Как мог, Саня успокаивал Климова, говорил — потерпи, старик, не может того быть, чтобы мы их не «разложили», вода, знаешь, камень точит…

И ушел Климов от Сани, сделав вид, что успокоился, а на самом деле с твердым намерением предъявить Лине ультиматум. Но Сане про этот ультиматум почему-то говорить не стал. Впервые за все время их совместной «стратегии» Климов скрыл от друга свои намерения…

А Саня был очень озадачен усталым видом и плохим настроением Климова. И, оставшись один, Саня взволнованно ходил по своему кабинету, останавливался у окна, рассеянно смотрел на непрерывно текущую реку транспорта на проспекте и думал, думал, думал. Климова, думал он, по-человечески понять можно.
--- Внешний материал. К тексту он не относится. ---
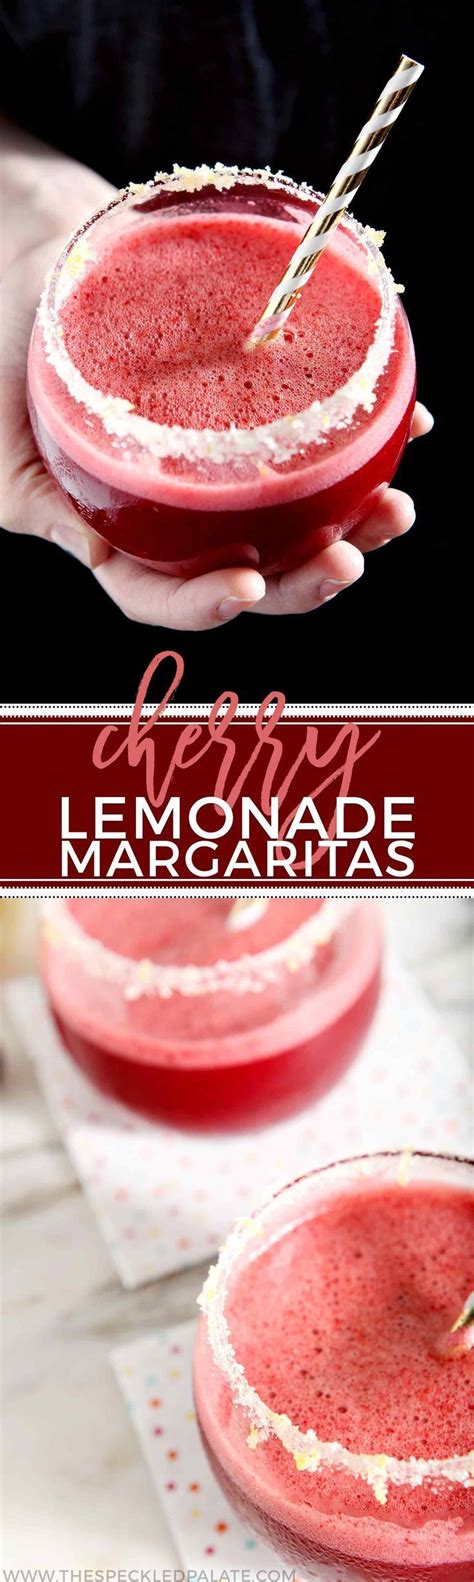 Cherry Lemonade Margaritas Recipe Yummy Drinks Cherry Lemonade Food

В самом деле, парень полюбил, может быть, впервые в жизни по-настоящему, серьезно, готов стать мужем и отцом. И девушка его вроде бы любит. Казалось бы — дай бог, как говорится, счастливого союза двум молодым любящим людям!.. И вдруг в эти извечные и естественные отношения и чувства вторгается нечто противоестественное, выморочное, чуждое здоровому нормальному человеку. Вторгается и лезет в самую, так сказать, душу этих естественных отношений, в самую их суть. Лезет грубо, напролом, меняй, дескать, свои убеждения, тогда получишь свою любимую. А ведь любовь — это как нежный, хрупкий, легко ранимый цветок. Сломать, раздавить, растоптать его ох как просто… Вырасти этому чувству трудно, а сгинуть просто…
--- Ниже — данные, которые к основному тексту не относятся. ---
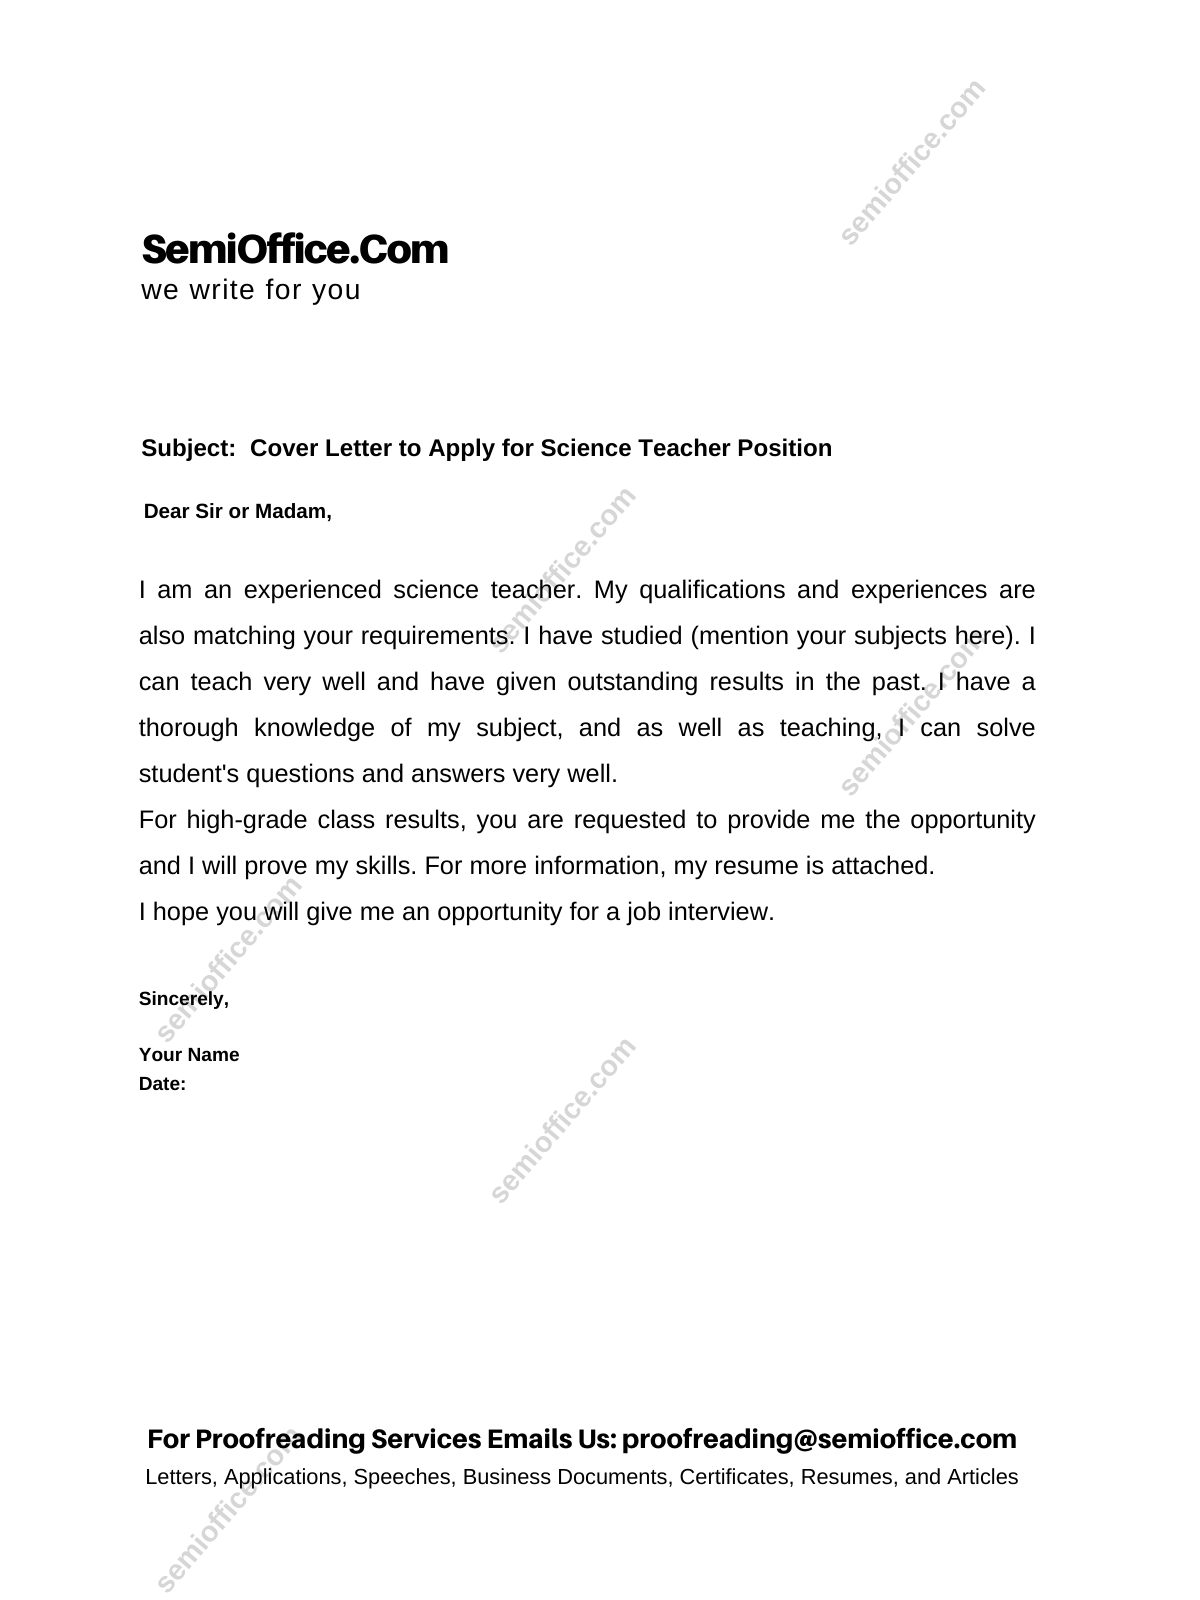 science teacher job cover letter

И усталость Климова была понятна Сане. Освоить, переварить в голове такую массу знаний за какие-нибудь три месяца… Тут хоть кто надорвется. Он-то, Саня, усваивал все это годами…

Понимал Саня и папашу с мамашей Зима, хотя и не сердцем, умом только, но понимал. Для них отдать дочку Климову означает потерять для «домашней церкви» не только самое Лину, но и ее будущих детей. Вон скольких «братьев» и «сестер» не досчитаются баптисты в своих рядах!.. А ведь миссионерская обязанность у них — на одном из первых мест. Каждый баптист должен быть миссионером постоянно, везде и всюду должен заботиться о пополнении общины… Потому они и Климова обрабатывают и злятся, что он не поддается, не «впускает в свое сердце бога». Как соблазнительно заполучить его к себе в церковь — и счастье дочери устроили, и детей для церкви сохранили, да еще такого парня видного «возродили». Тем более, что с парнями у них вообще туговато, процентов на восемьдесят, а то и на все девяносто секта состоит из женщин. Так что вполне понятны желания папаши и мамаши…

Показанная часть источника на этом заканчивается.